We both yelped, and I dropped Geri's phone. I tossed it over to her, and she joined me on the couch. Our eyes were trained on the front door. A figure moved by the window, and I clutched my armrest.

"I found it! I found it!" It was Trash Panda Terry, back for an unexpected and unwanted return engagement. "It was at the shelter!"

Mary Elizabeth's words coming back to us, and the recognition of our local homeless guy, brought our personal DEFCON levels down a notch. "Terry! Go away! It's too late!"

"Go to the shelter!" Geri added.

"Okay! Can you tell the lady who lives under your house that I found what I was looking for? She's been worried about me!"

Geri shot me a glance and nodded at her phone. "This is like Poltergeist," she whispered.

"I will, Terry. Go now, okay?"

"Thank you!" He walked off the porch, tripped on the last step, and ran forward to keep his balance.

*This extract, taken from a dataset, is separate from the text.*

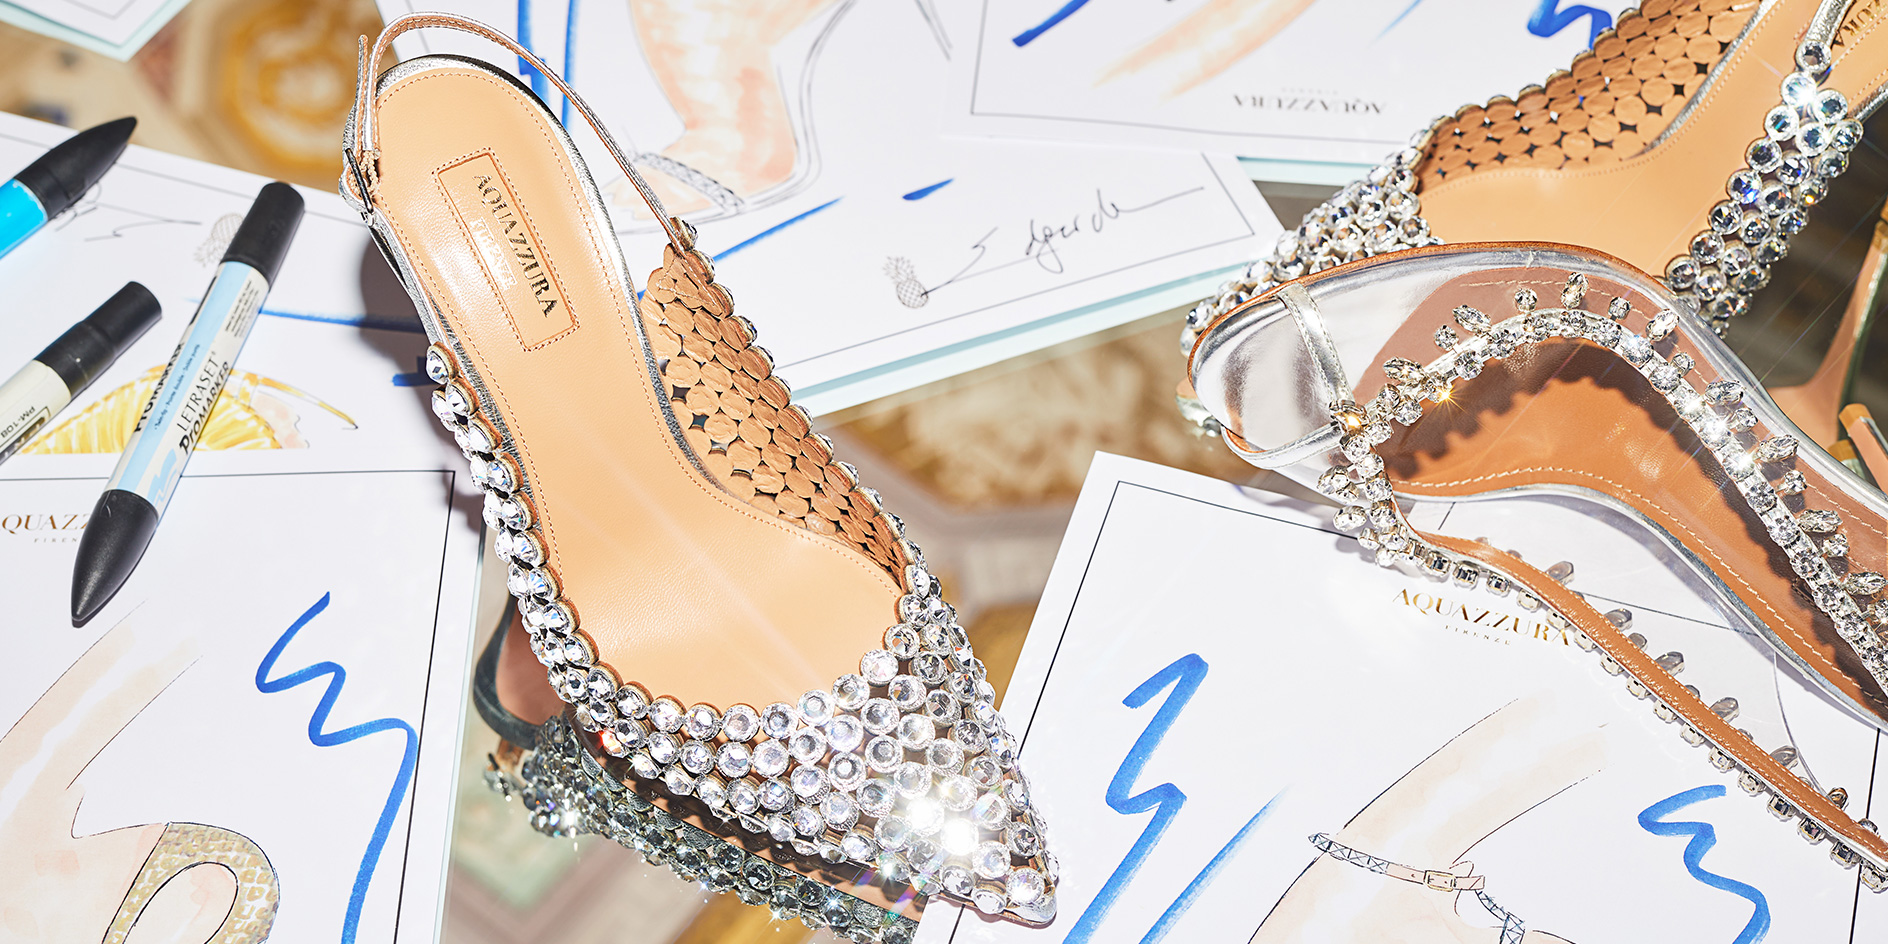 Aquazzura uses social media for their marketing strategy and has worked with high-profile celebrities to help grow their brand

As quickly as he arrived, he was gone. Geri and I looked at one another and broke out into peals of laughter. It wasn't funny per se, but once you get going….

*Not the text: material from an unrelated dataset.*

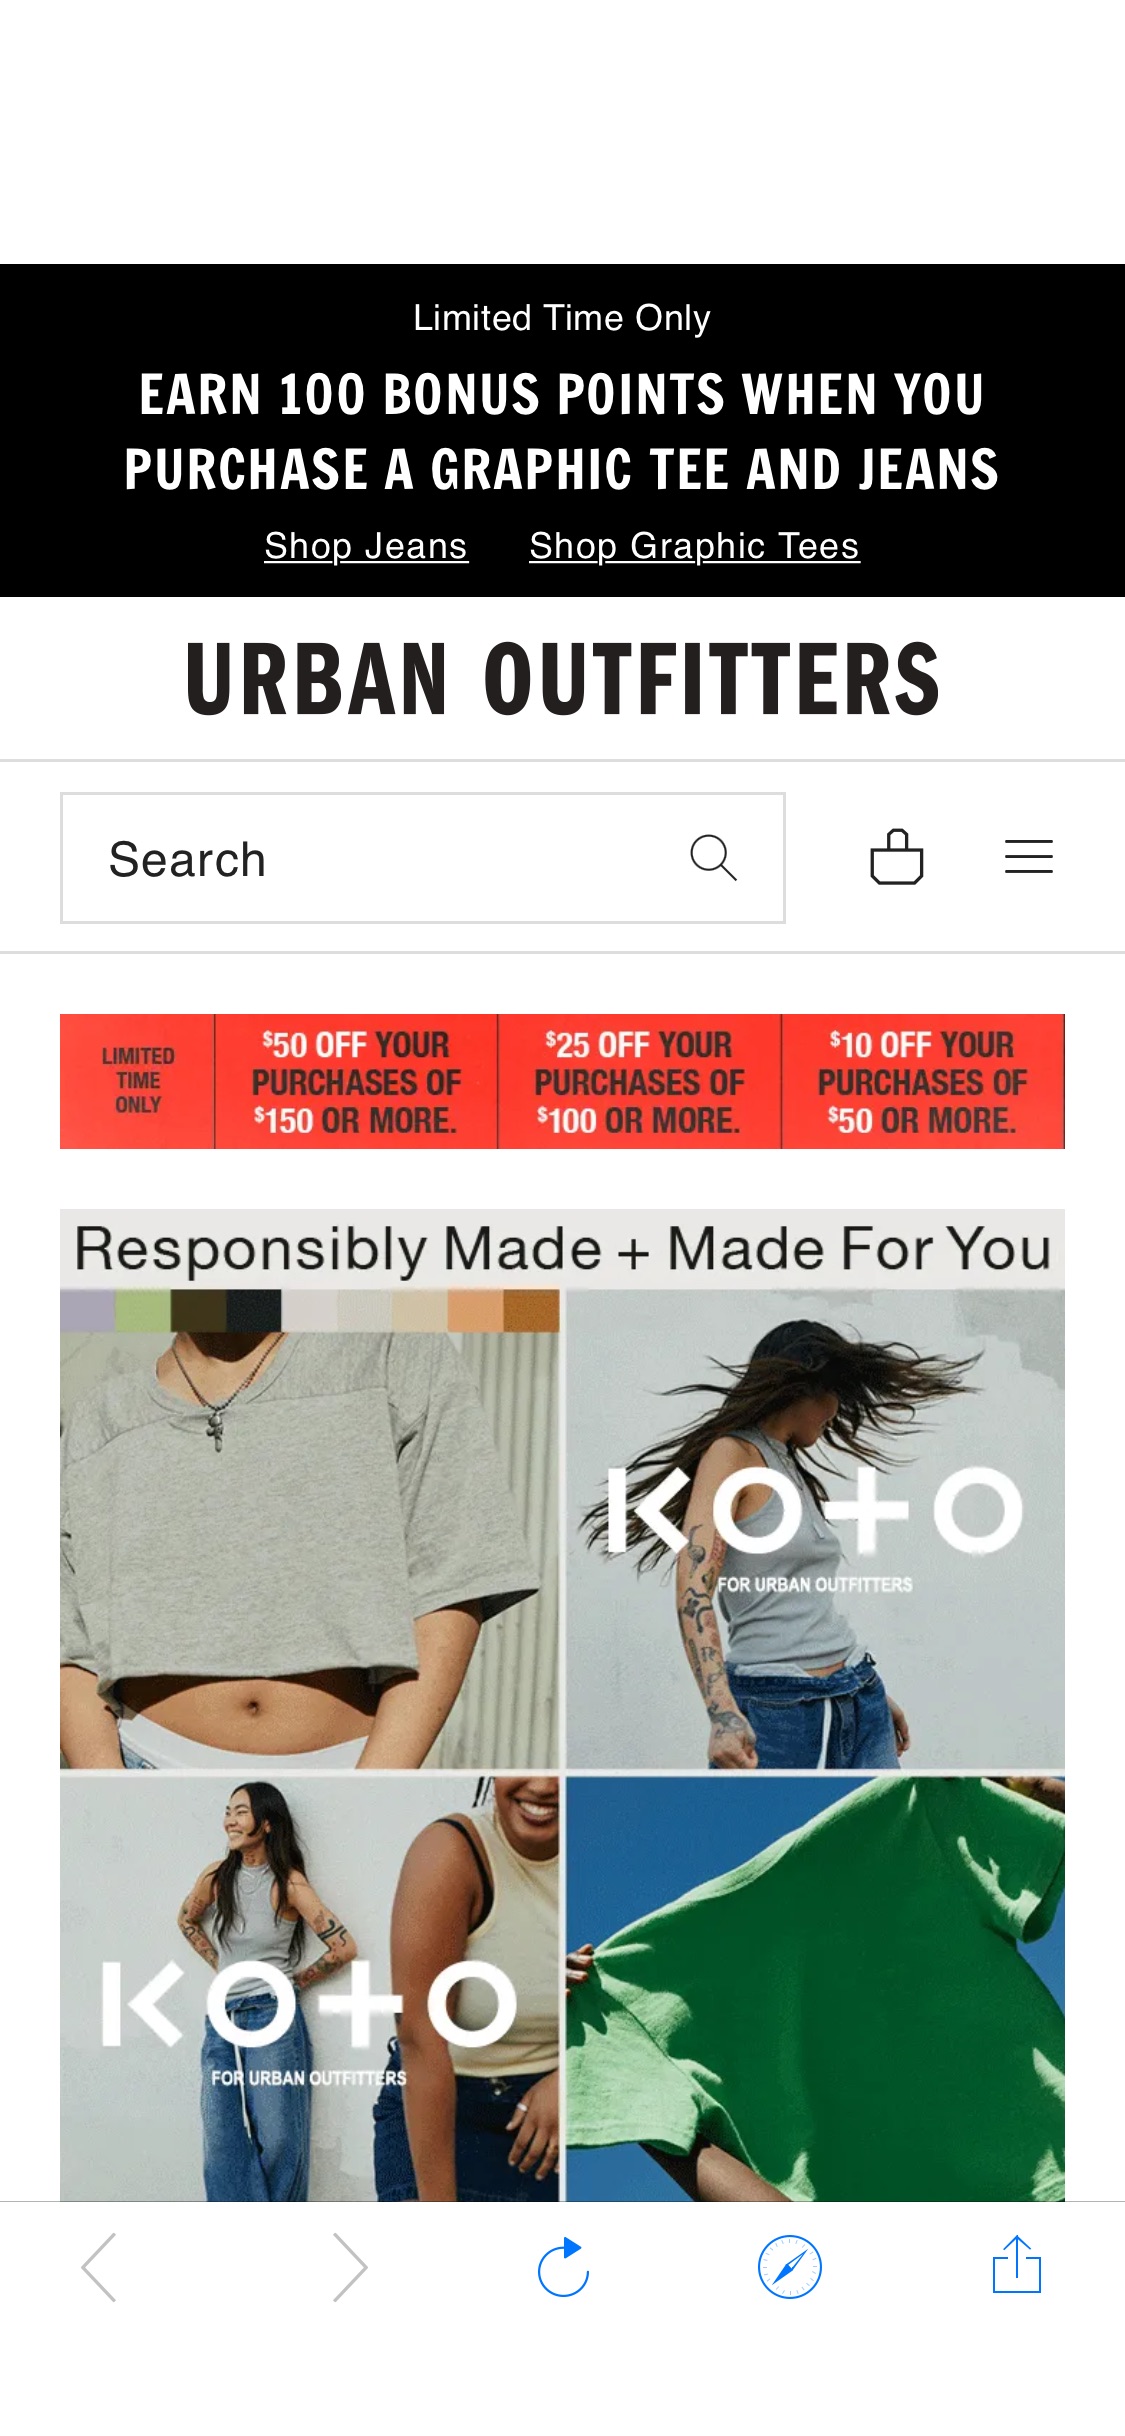 Urban Outfitters 现有50-10，100-25，150-50活动

My phone buzzed. We screamed, laughed, and doubled over. Once we found our bearings, I checked to see what had set it off. It was a text from David. "Kinda late, no?"

"Maybe not for what he has in mind," Geri said with a wink.

"It says, nice to see you today. Sorry there was a guy under your house…not something I usually say to women. He's funny, no?"

"He's got charm. What are you gonna say back?"

I started typing and speaking at the same time. "It was a pleasant surprise to see you, too! Thanks for helping with Trash Panda Terry. Sorry my neighbor was being weird."

"Ooh, good call bringing in Mary Elizabeth."

I quickly typed and said, "You're never going to believe it, but he came back! He said he found what he was looking for."

"Oh, little bit of…." She stopped speaking. Theodore had emerged from the hallway, floating toward us, his little weighted disc skipping along the ground as it approached.

I stood and backed away from the balloon. It passed me and hovered near my bookshelf. Geri stood and crossed to me. We held each other in silence, staring at a mylar bear in a suit, and were positively horrified at the absurdity.

"Maybe I should ask David to…."

A heavy bookend from the shelf back flipped off the ledge and landed on the balloon's weighted disc with a crack. That was enough to get Geri and me sprinting toward my bedroom. As we did, the balloon turned and followed.

We got into the room and slammed the door behind us. From under it, the shadow of the balloon darkened the entry as it reached us. The broken weight slid under the door like a tentacle searching for prey. We backed away. I turned my wild eyes on Geri. "What the fuck?!"

SLAM! SLAM! SLAM! SLAM!

Every window in my house went down in quick succession. I jumped. Snapping around in time to witness my window lock itself. I tried to speak, but my head was dizzy, and the words were lost in the fog. Disconnected, as if my brain had taken a break and was floating through the ether somewhere more fun.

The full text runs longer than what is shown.